### [Supplied material]
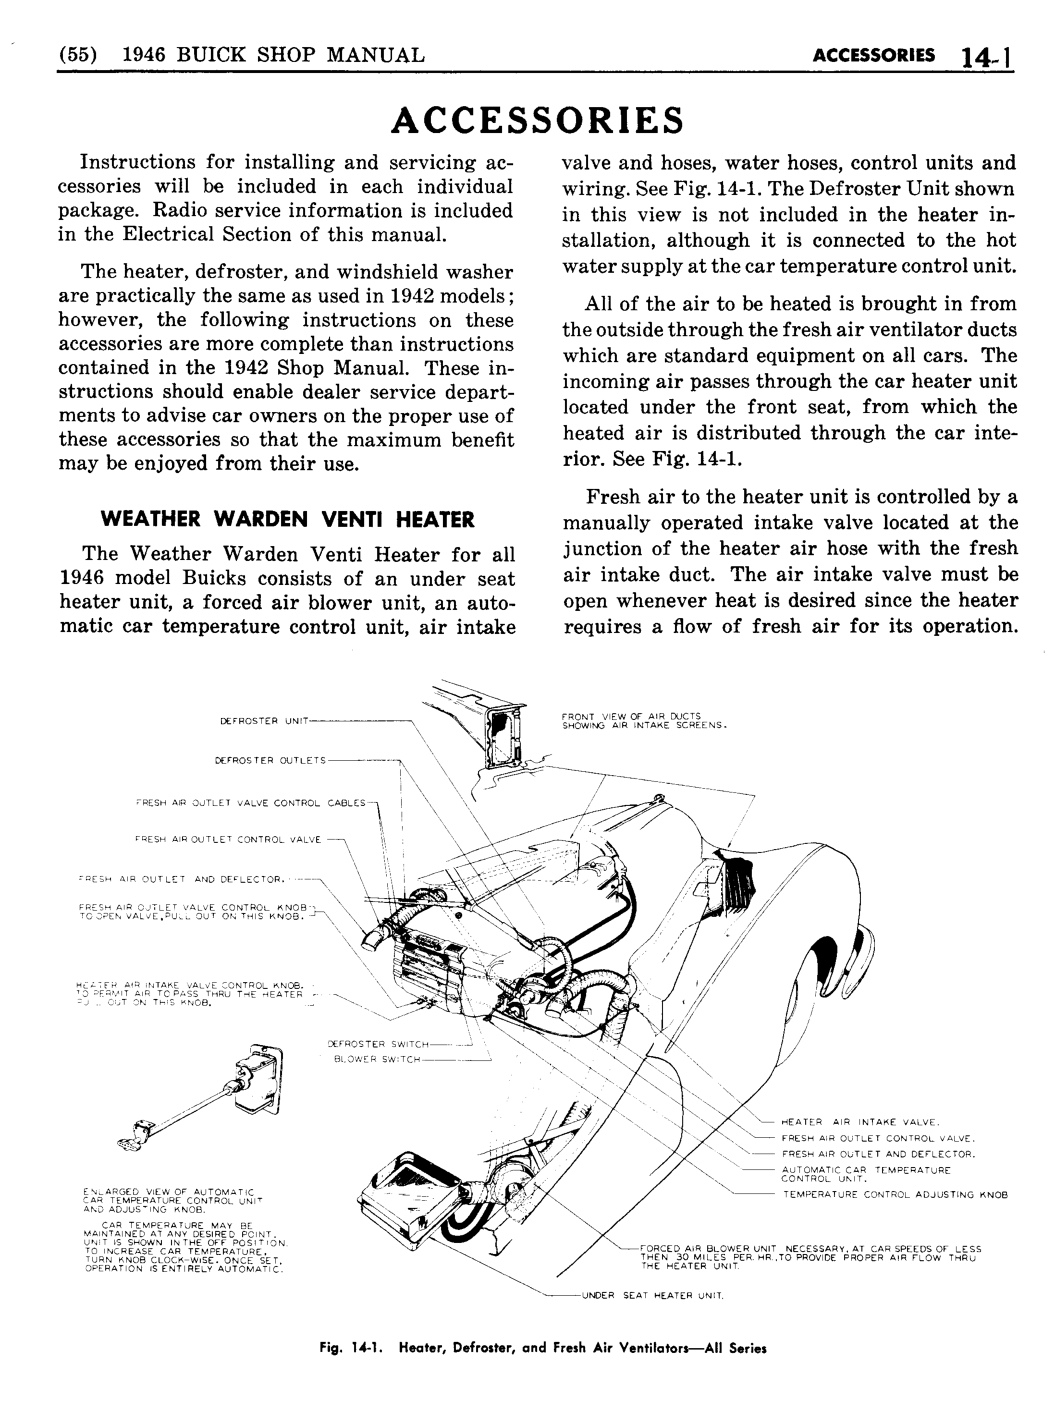 n_13 1946 Buick Shop Manual - Accessories-001-001.jpg
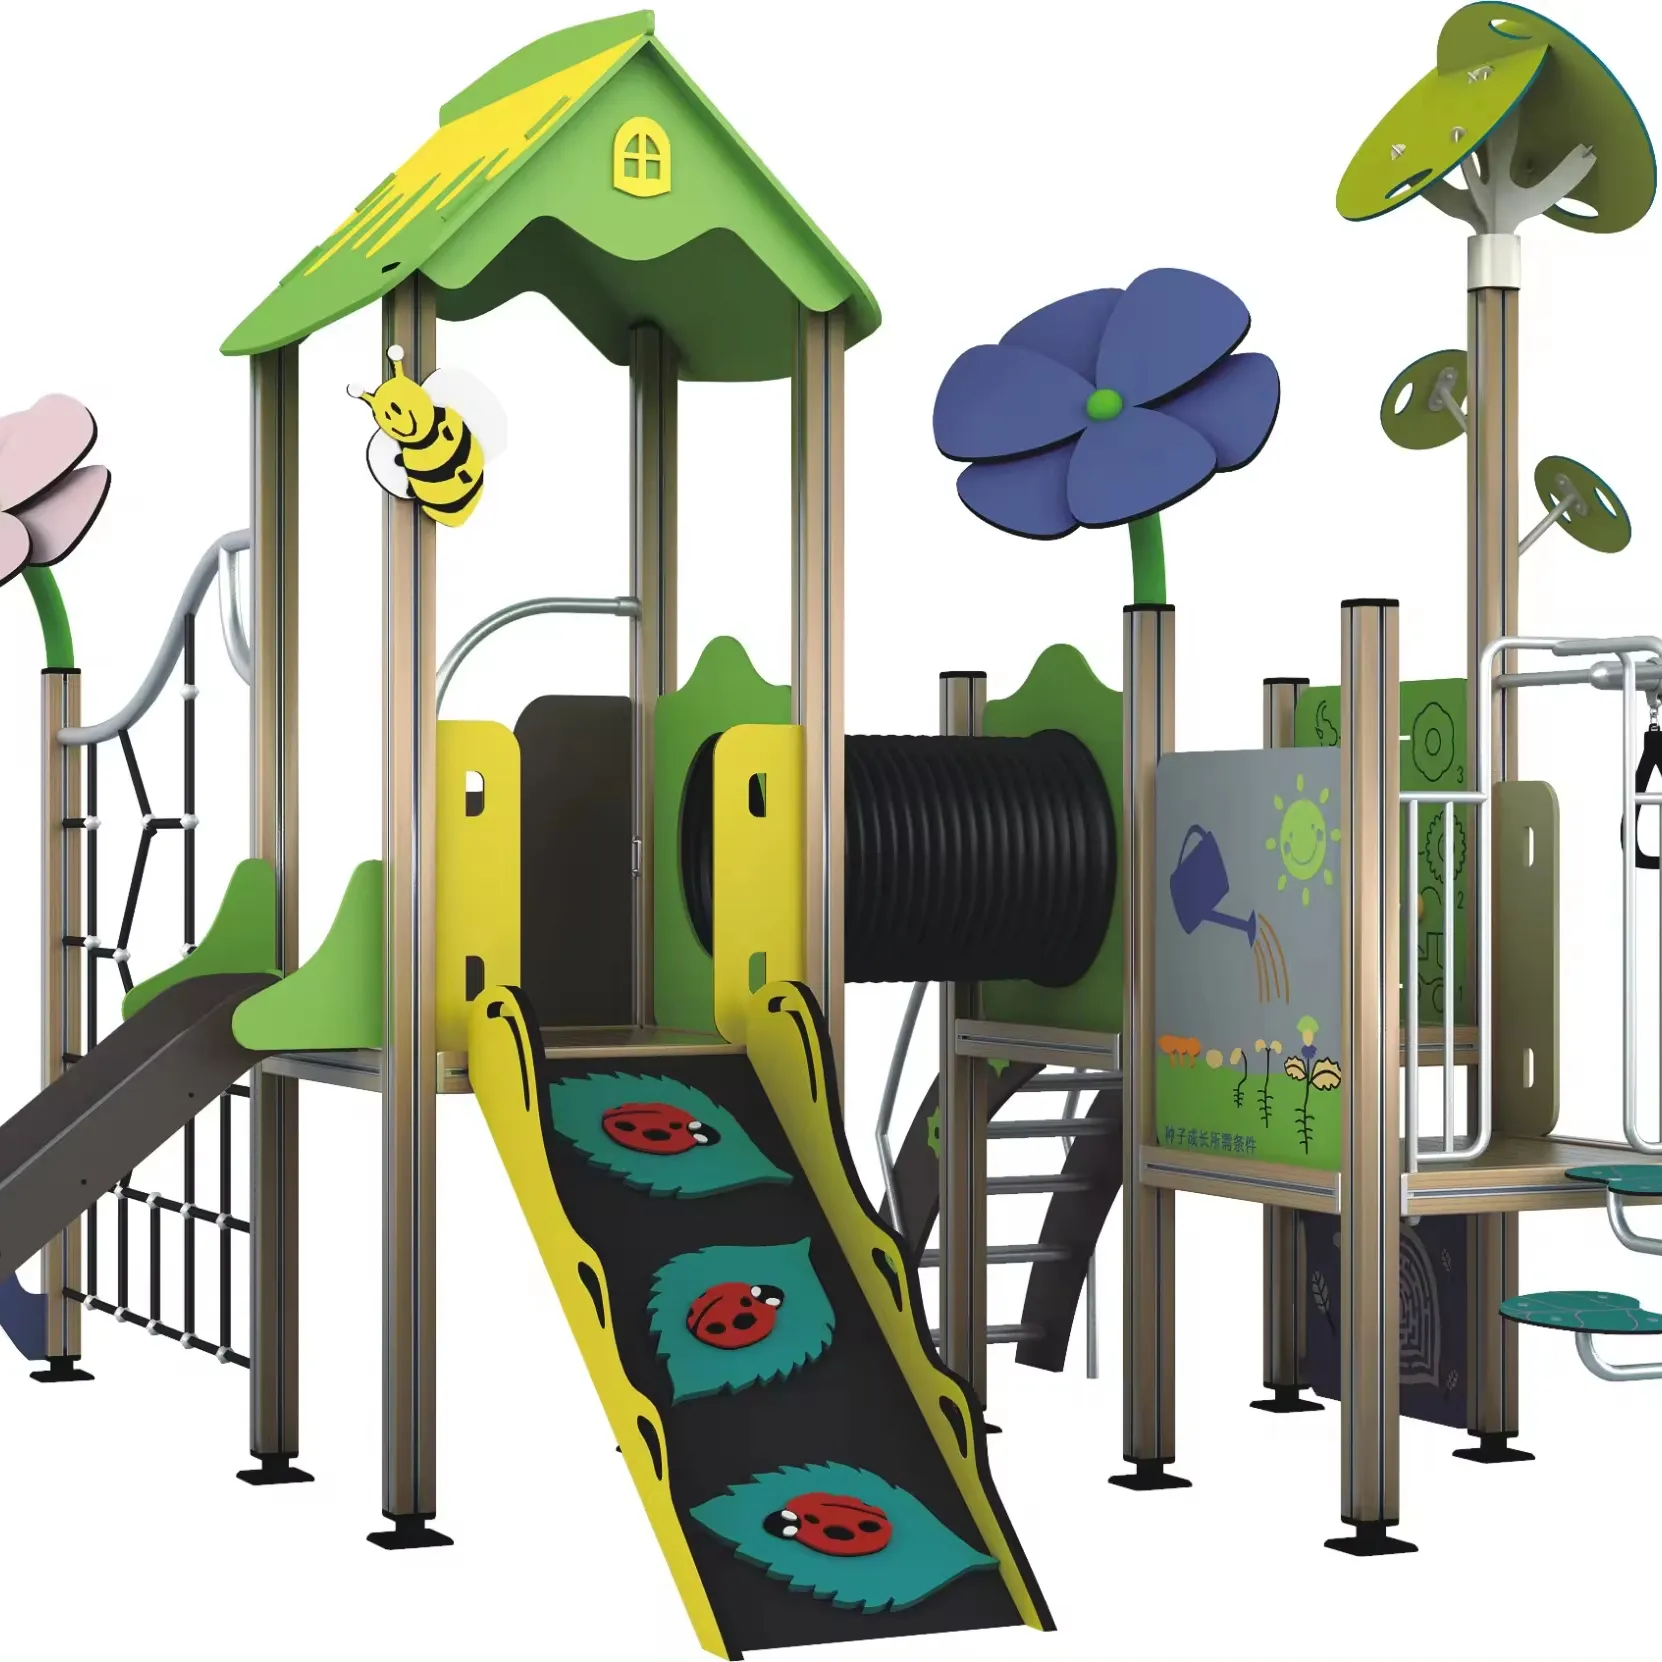 WPC пейзаж открытая игровая площадка Природа тема с обезьяной бар для детей, чтобы играть в парке развлечений
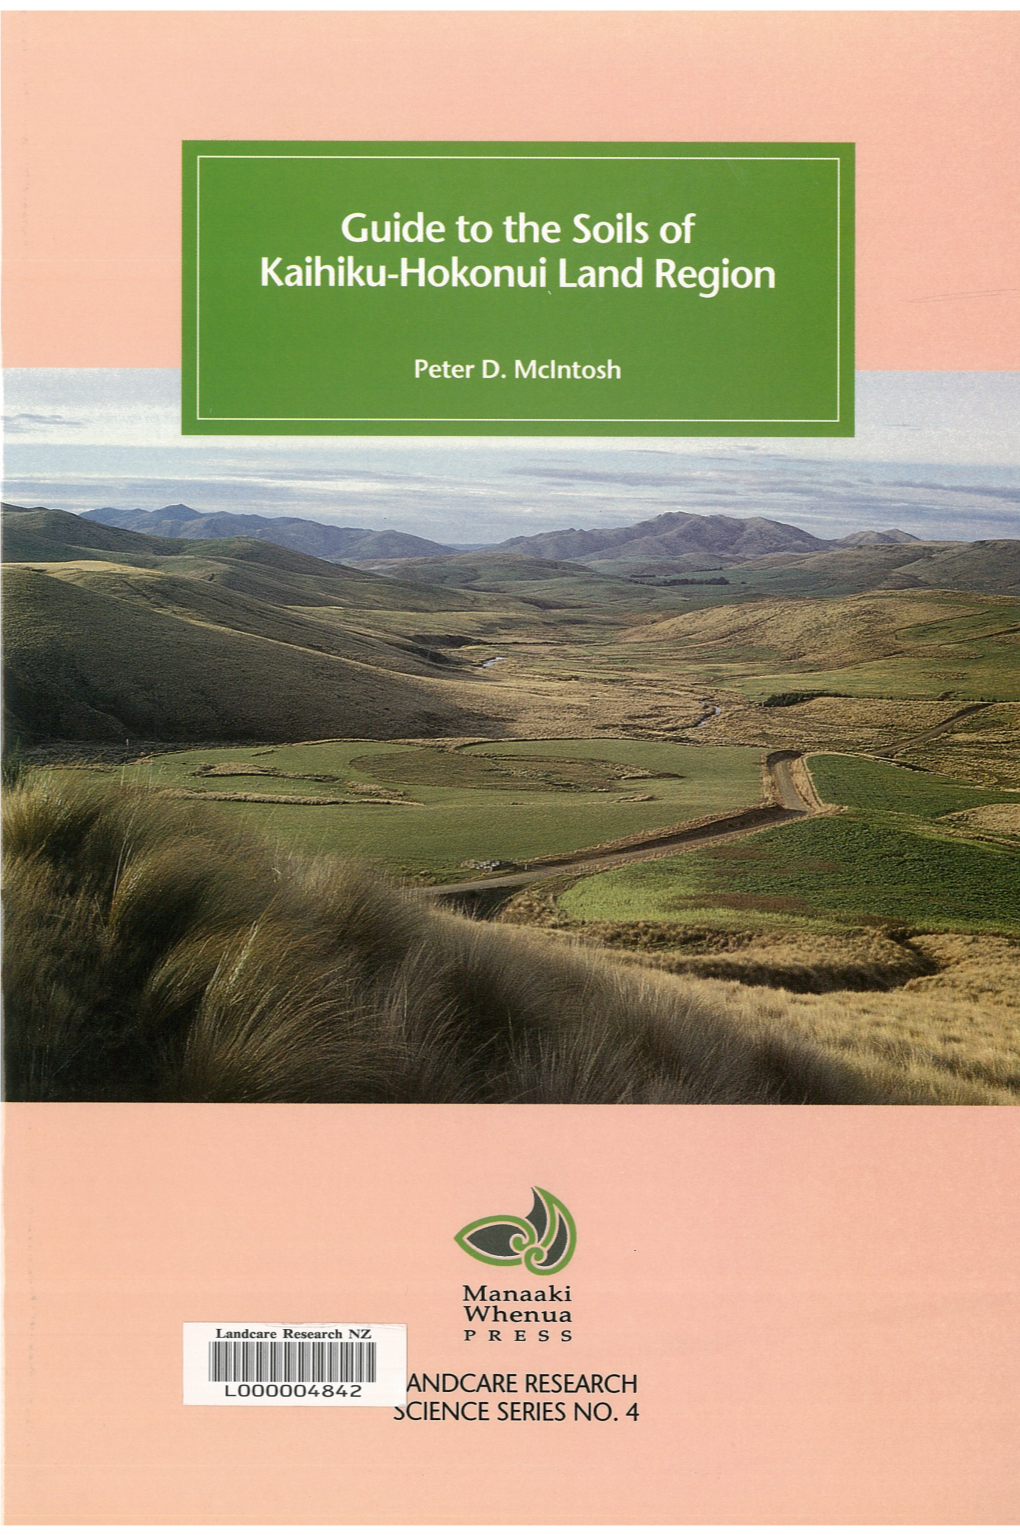 Guide to the Soils of Kaihiku-Hokonui Land Region
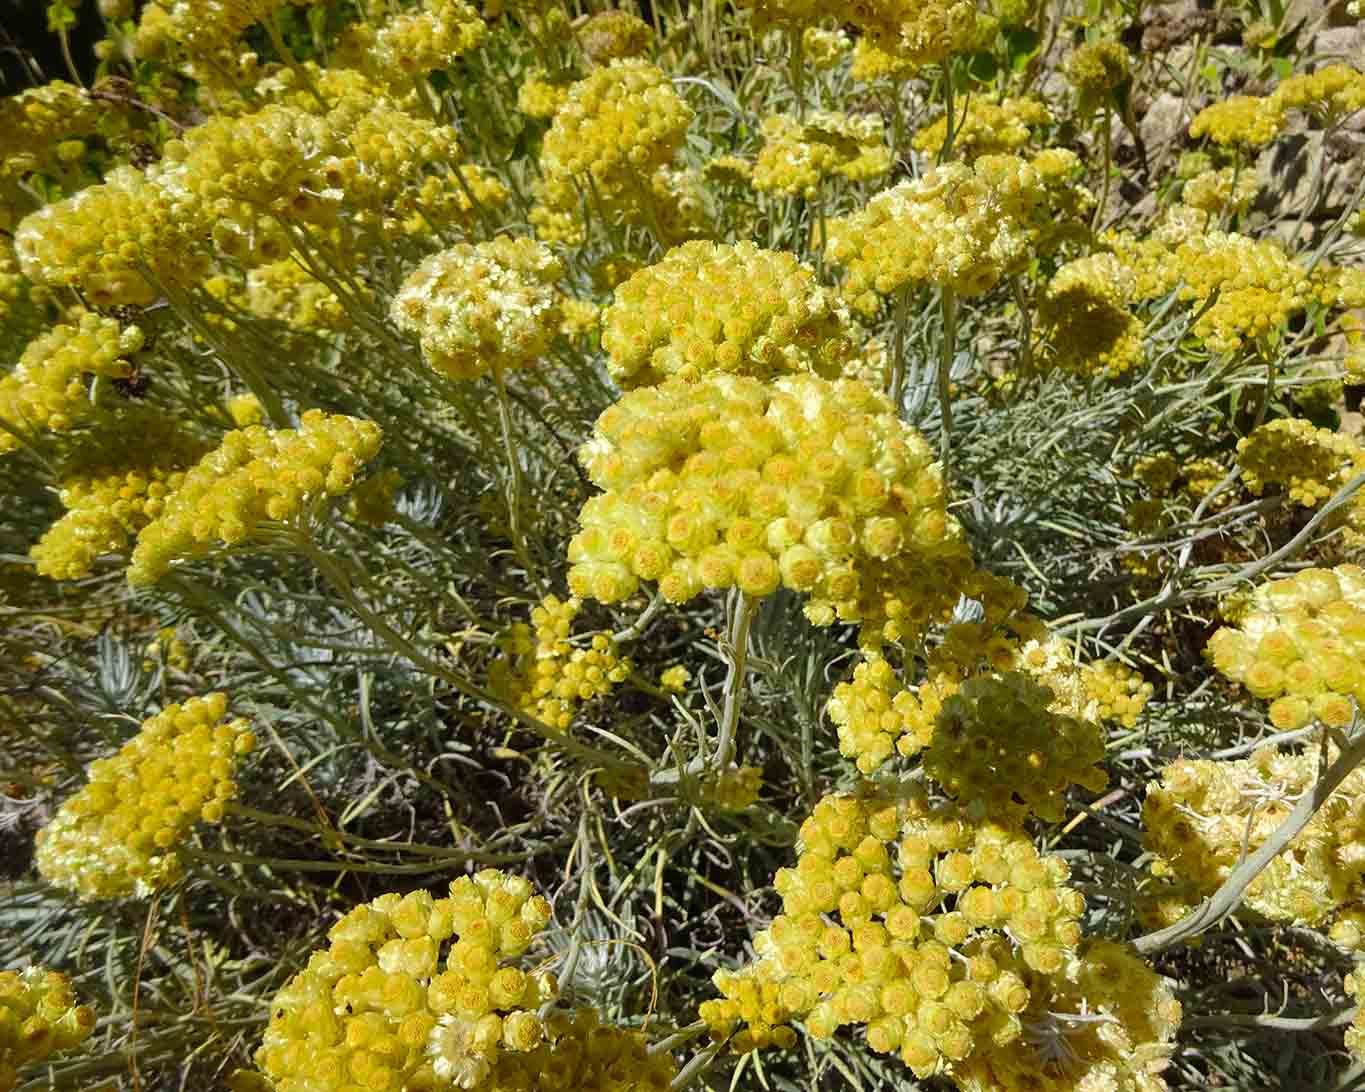 Mittelmeer-Strohblumen sind beliebt wegen ihres aromatischen Geruches.

### [Problem requirements]
For this exercise, transcribe exactly only the lines from the one containing "WPC пейзаж открытая" through the end of the listing, inclusive, without the pictures.

### [Answer section]
 WPC пейзаж открытая игровая площадка Природа тема с обезьяной бар для детей, чтобы играть в парке развлечений
 Guide to the Soils of Kaihiku-Hokonui Land Region
 Mittelmeer-Strohblumen sind beliebt wegen ihres aromatischen Geruches.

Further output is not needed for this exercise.